She worked for decades to make sure her voice and ideas were valued as much as those of non-Latinos in the newsroom. Then she founded her own media company to make sure. Now she has written a memoir, Once I Was You, about all of it. Maria, a veteran journalist used to asking the tough questions, opens up to Alicia about her groundbreaking career, the strain it put on her marriage and family, and the friends and mentors who carried her through.
Follow Maria on Twitter @Maria_Hinojosa. If you loved this episode, listen to Univision’s Ilia Calderón Is Grounded by the People She Covers and MSNBC’s Mariana Atencio Reveals How to Be ‘Perfectly You.' Show your love and become a Latina to Latina Patreon supporter!
Alicia Menendez:
Whether you grew up listening to Maria Hinojosa on NPR, or watching her on CNN or PBS, the chances are that you knew her, because, well, there weren’t a lot of people doing what she was doing, telling stories about our communities. Maria spent her life telling the stories of others and now she’s telling her own in a new book, Once I Was You: A Memoir of Love and Hate in a Torn America.
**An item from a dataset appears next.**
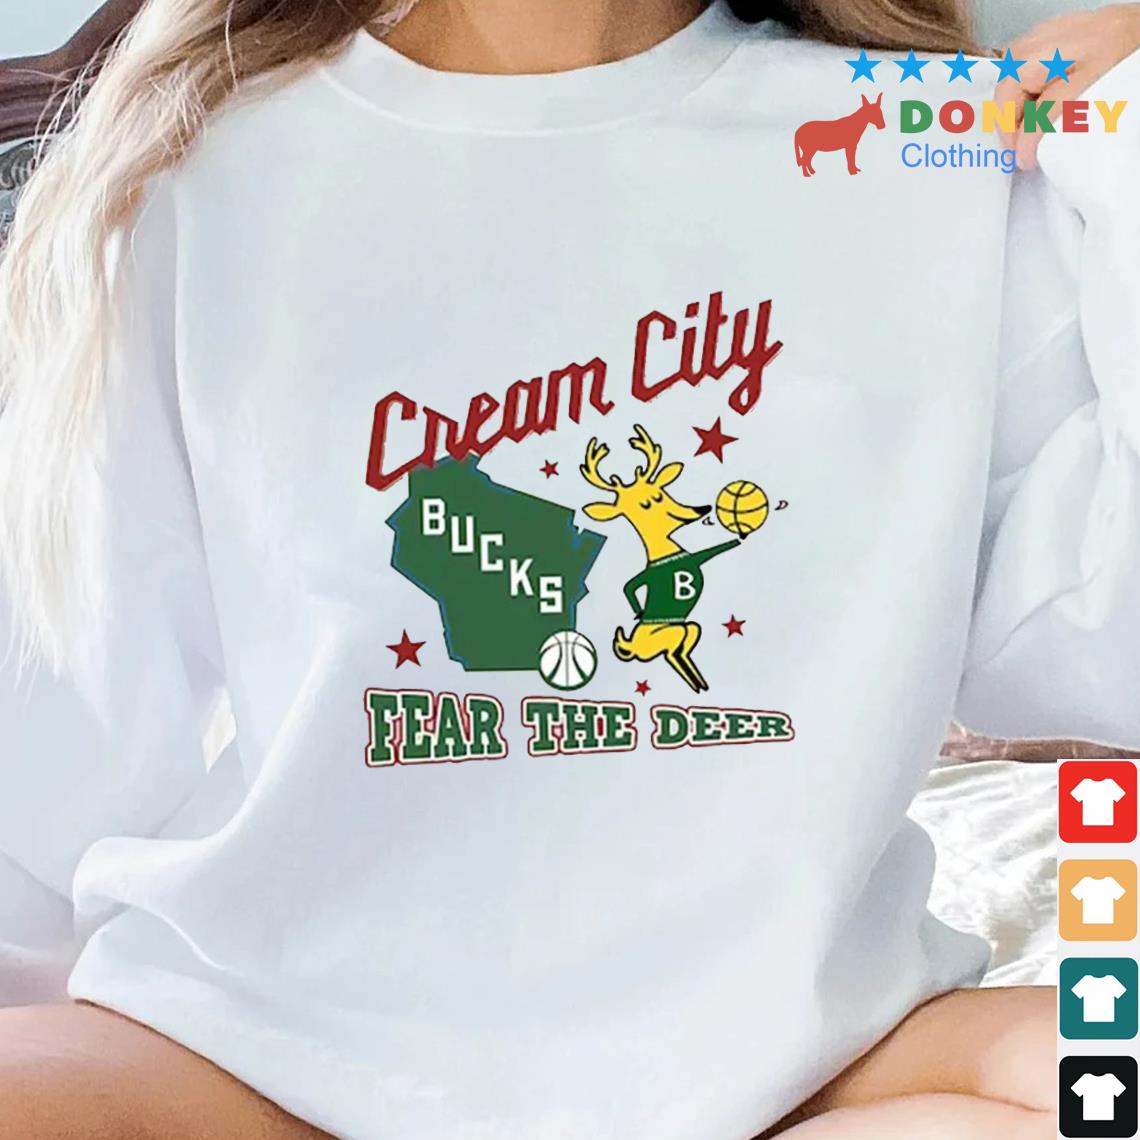 Cream City Milwaukee Bucks Fear The Deer Basketball Shirt
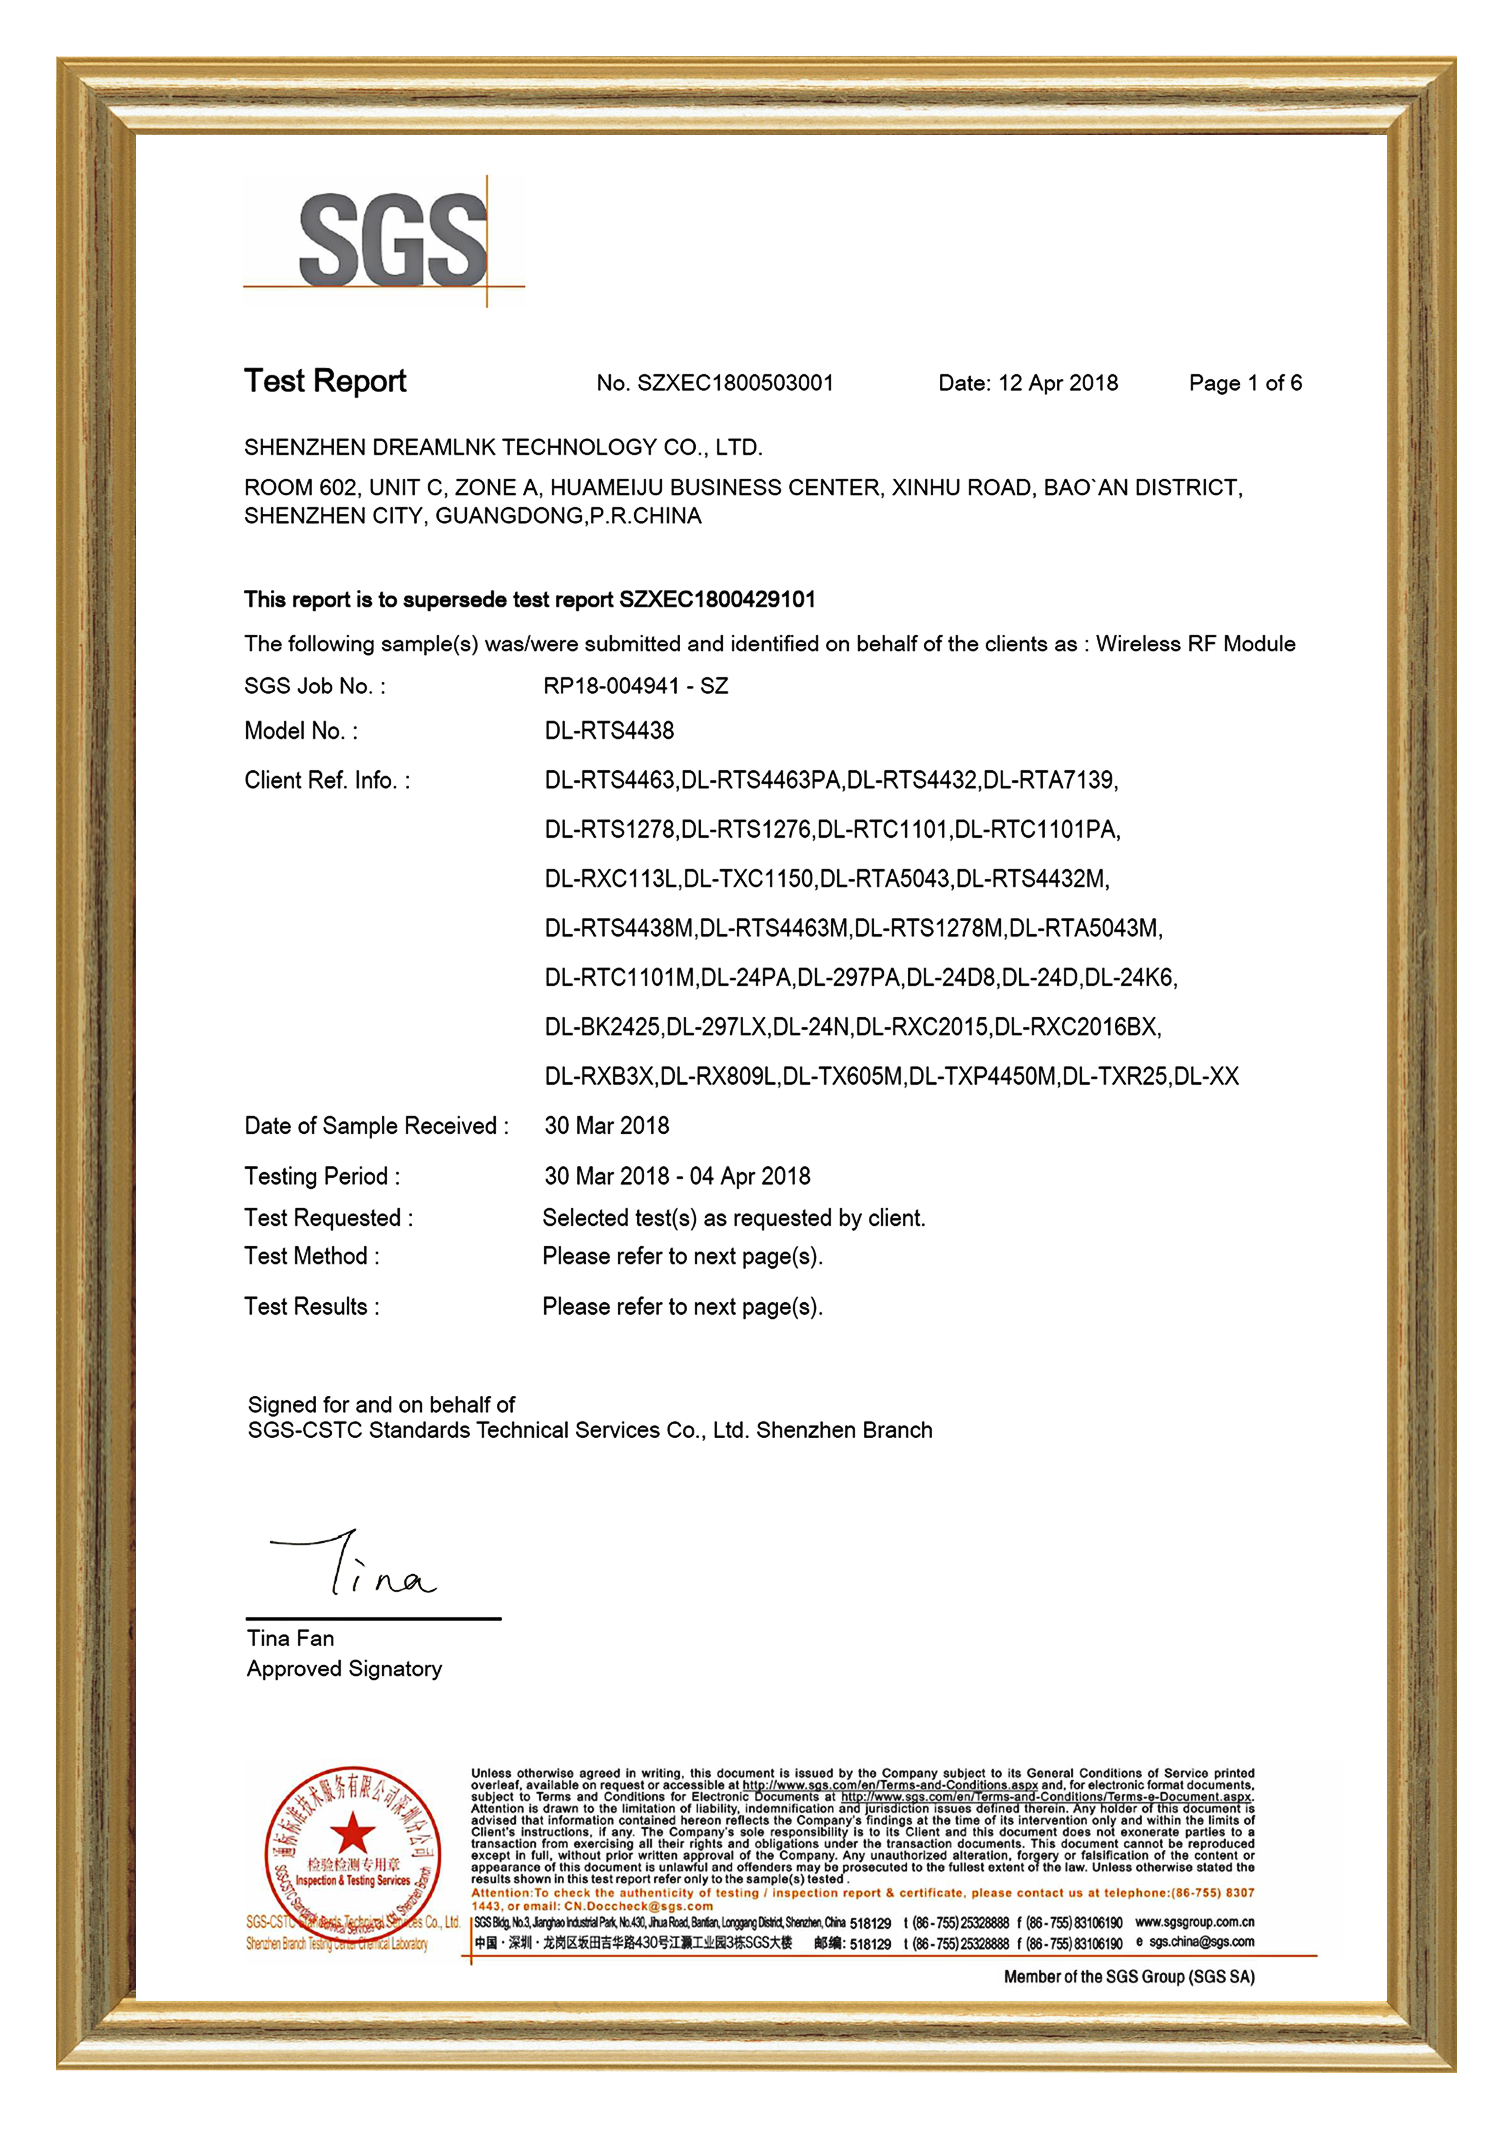 SGS Certificate - DreamLNK

Maria, I loved the book. Congratulations.
Maria Hinojosa: Thank you, Alicia!
Menendez: It was so good. I told you. I was texting with you. I devoured it. And I want to jump in in the middle. You tell a story about writing a television script for Walter Cronkite. What was the assignment?
Hinojosa: It’s a juicy story.
Menendez: It’s a good story.
Hinojosa: So, I love it, because nobody’s asked me about this one yet. Short story is that I am the first Latina hired at NPR, and then very quickly I’m like, “Uh, this feels really weird.” And I go and work for Latino Public Radio in Spanish in San Diego, and I experience deep machismo there, and so I end up working kind of miraculously back in New York at CBS News in the radio department. And I was doing fill-in work over the summer, and then I was asked to stay on through the end of December to produce a segment from Walter Cronkite. They asked me to write his end of the year commentary. And so, I was terribly nervous. As a Latina in journalism, in the mainstream, and being the first, I was terrified most of the time.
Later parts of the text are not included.